Ensure Effective CEO and People Management

The Nomination and Remuneration Committee has set the criteria and policy to nominate and appoint the Company’s directors and top management and propose the list for an approval of the Board of Directors and/or an Annual General Meeting of shareholders. A person to be appointed as the company’s director shall possess qualifications as specified by the Public Limited Company Act B.E. 2535, the Securities Exchange Act, notifications of the Stock Exchange Commission (SEC), notifications of the Capital Market Advisory Board and/or other regulations regarding other qualifications, such as work experience, knowledge, and etc. According to the Company’s regulation, the Company’s Board of Directors consists of at least five members and at least half of the total members shall reside in the kingdom of Thailand. In addition, the Company’s directors shall be elected by majority voting in the Annual General Meeting of shareholders as the following details:
    1.Each shareholder shall have one vote per share held by them.
    2.Each shareholder shall cast all of his/her votes in (1) for one or more candidates but shall not divide his/her
       voting rights amongst the candidates.
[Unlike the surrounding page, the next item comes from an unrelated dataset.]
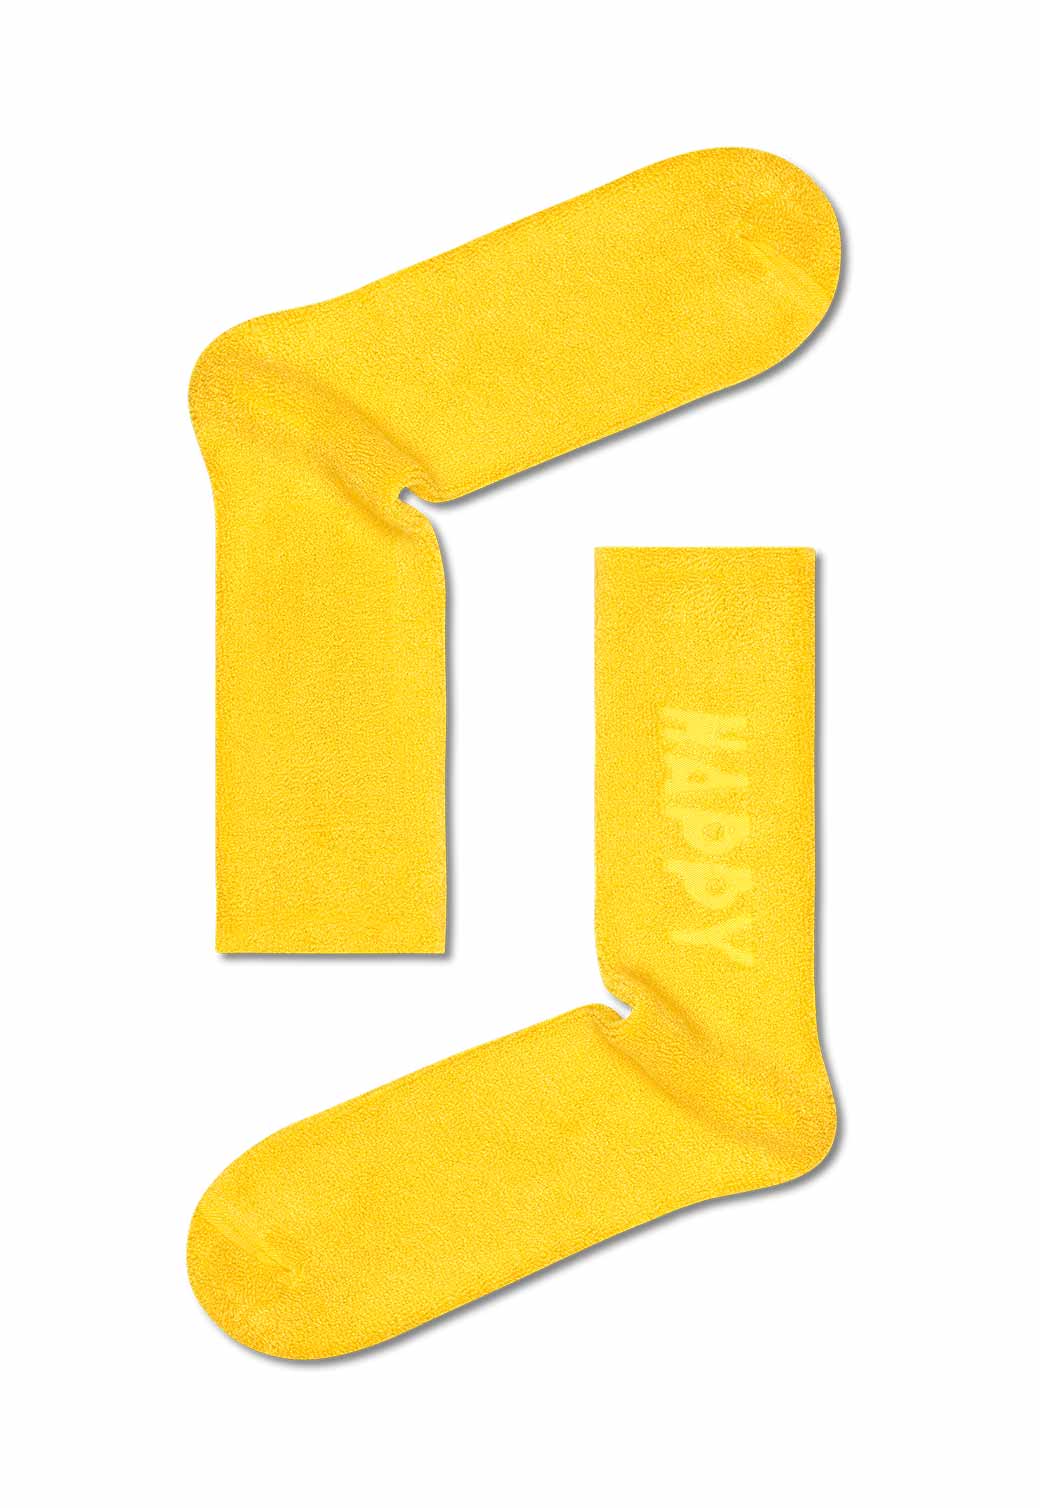 Gold זוג גרביים בהדפס HAPPY HAPPY SOCKS

    3.The candidates elected to fill up the vacant positions in the Board of Directors shall be selected in order of the
       number of the votes received. In a case there is a tie amongst candidates, the chairman of the meeting shall
       cast the deciding vote.

The Board of Directors oversees the management and personnel development. The board ensures that human resource management is carried out in accordance with the Company’s vision, goals and strategies. They ensure that trainings are provided for employees to educate them, enhance their knowledge, ability and skills, and motivate them as appropriate. Finally, the Board of Directors also arranges the establishment of employee’s provident fund for their pensions.